At the press conference today, President Obama, asked about same-sex marriage, responded:
With respect to the issue of whether gays and lesbians should be able to get married, I’ve spoken about this recently. As I’ve said, my feelings about this are constantly evolving. I struggle with this. I have friends, I have people who work for me, who are in powerful, strong, long-lasting gay or lesbian unions. And they are extraordinary people, and this is something that means a lot to them and they care deeply about. At this point, what I’ve said is, is that my baseline is a strong civil union that provides them the protections and the legal rights that married couples have. And I think — and I think that’s the right thing to do. But I recognize that from their perspective it is not enough, and I think is something that we’re going to continue to debate and I personally am going to continue to wrestle with going forward.
Obama’s right — from the perspective of out same-sex couples in the US today, it’s not enough. As long as lesbian and gay people are free but not equal, they and their allies will be agitating for equality.
Which makes me wonder: How do the opponents of same-sex marriage hope this debate will end?
Here’s how I hope the debate will end:
Eventually, as the most anti-SSM demographic dies off and as each new generation is more pro-SSM than the previous generation, SSM will become part of marriage norms throughout the United States. State by state, SSM will be legalized, until sometime around when it’s legal in 30 or 35 states the Supreme Court will end the issue once and for all and SSM will be legal everywhere in the USA.
And as the sky fails to fall — as people do not start marrying their dogs/siblings/parents/whatever, as heterosexuals don’t give up on marriage, and as the words “father” and “mother’ aren’t outlawed, and so on — the arguments against SSM will cease to be mainstream.
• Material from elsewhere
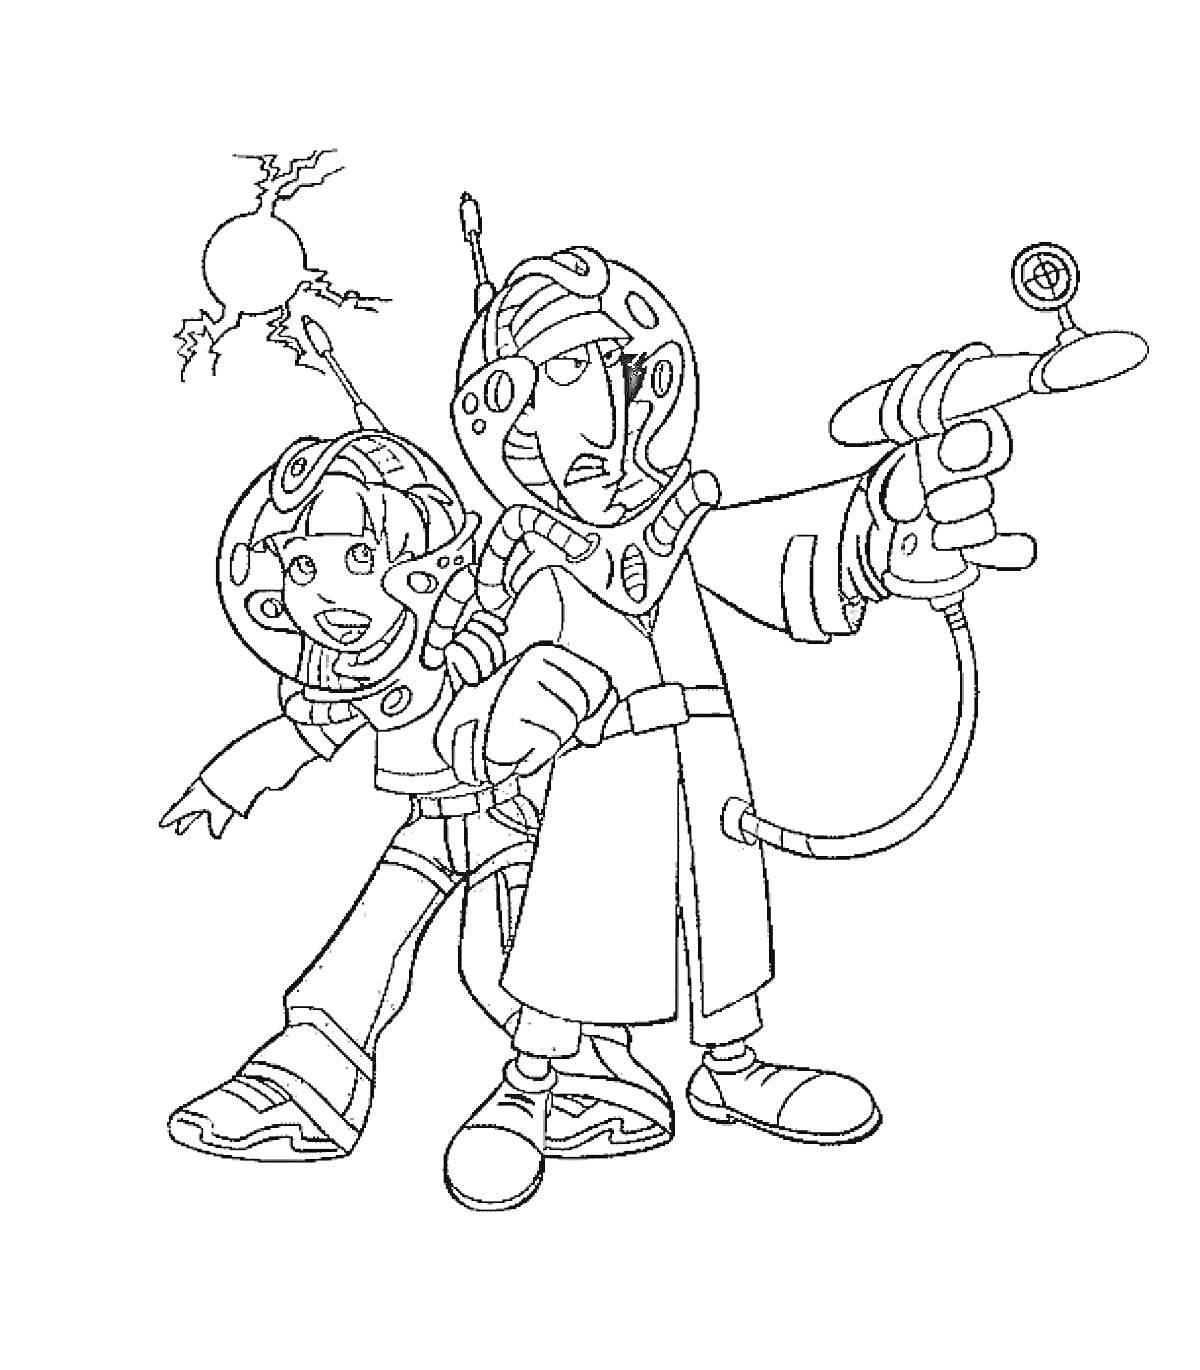 Раскраска Инспектор Гаджет и девочка в космической экипировке, с оружием и антеннами на шлемах на фоне взрыва
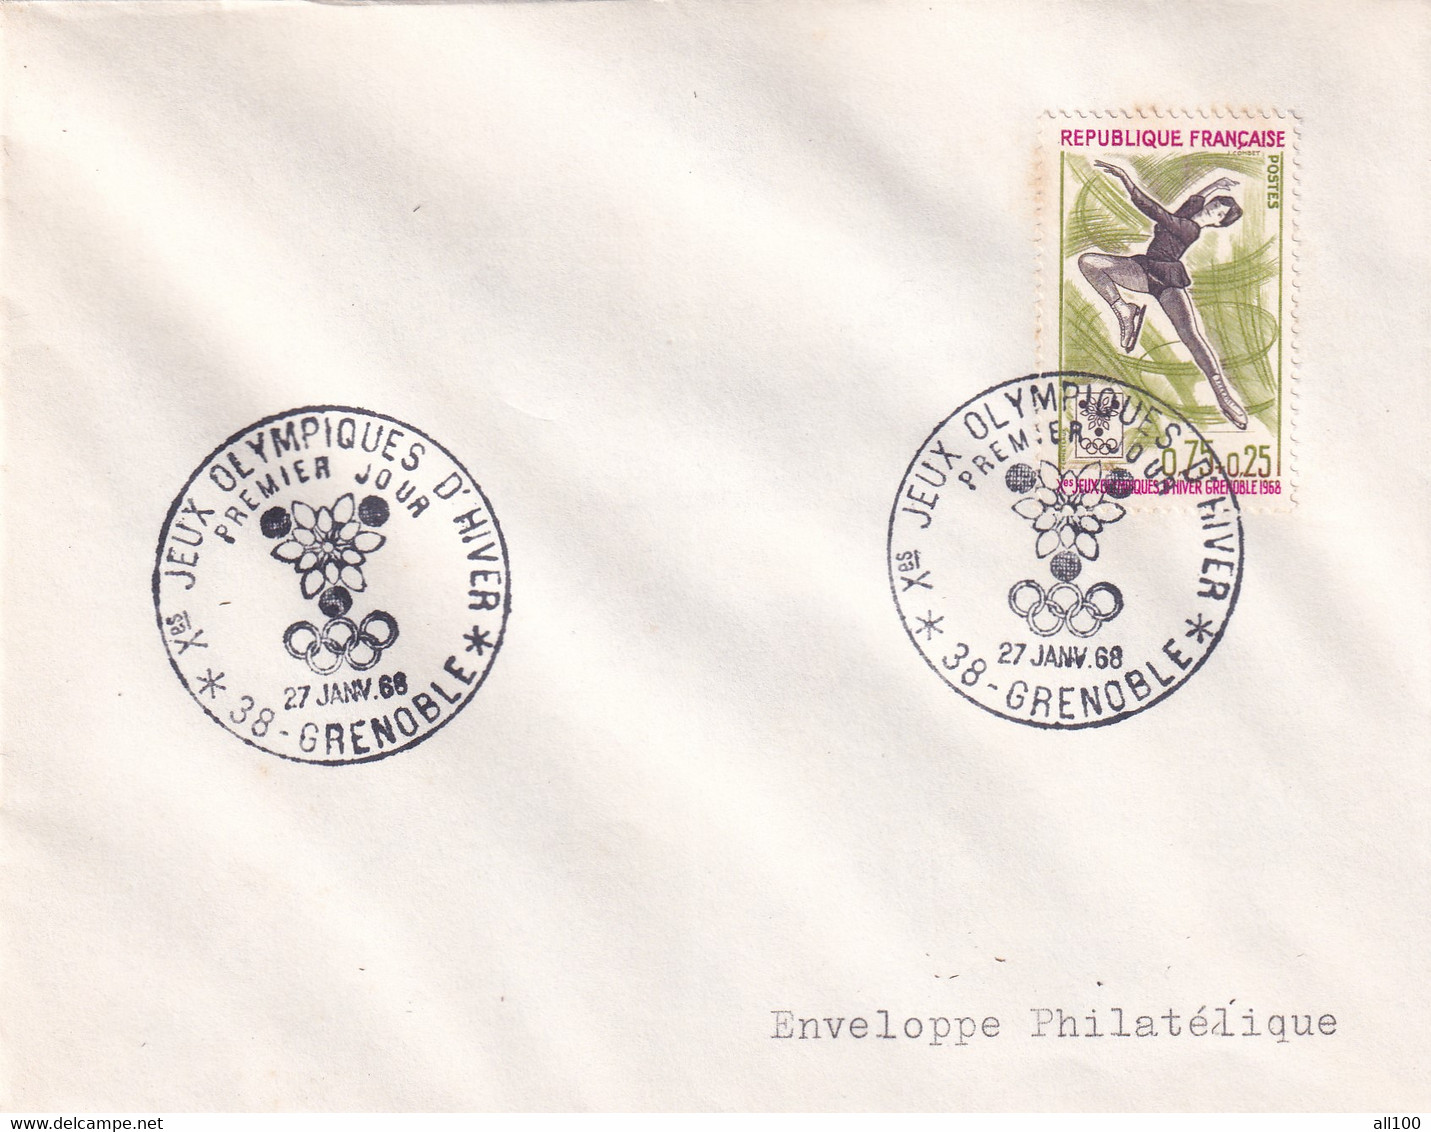 A21887 - Jeux Olympiques D'Hiver Grenoble Cover Envelope Unused 1968 Stamp Republique Francaise Enveloppe Philatelique - Inverno1968: Grenoble

Those folks who were against SSM out of a sincere but mistaken desire to protect marriage will give up on opposing SSM; there are plenty of other marriage related issues to take up their time, after all. (Truthfully, they’ll be relieved to not have to argue about SSM anymore). Those folks who were against SSM because, in their hearts, they just plain didn’t like lesbian and gay people will become irrelevant to mainstream debate.
In other words, it’ll be a lot like the “should homosexuality be legal” debate from the 1980s — once the issue is settled in favor of freedom and equality, it’ll cease being a mainstream controversy.
Fifty years from now, it’ll seem very strange that this issue was once a big deal, and we’ll all be angry at each other over whatever the big issue will be then (equality for clones? Illegal space alien immigration?).
So that’s how I hope the debate concludes, and except for the bit about space aliens and clones, it’s fairly realistic.
But what realistic end are the folks opposed to SSM hoping for?
Do they think lesbian, gay and bi people are going to go away? Accept permanent second-class status for their families? Do they hope, like Robert George, that all homosexuals will choose to be celibate, or find happiness in heterosexual marriages? None of those outcomes seem even remotely plausible to me.
But what are they hoping will happen?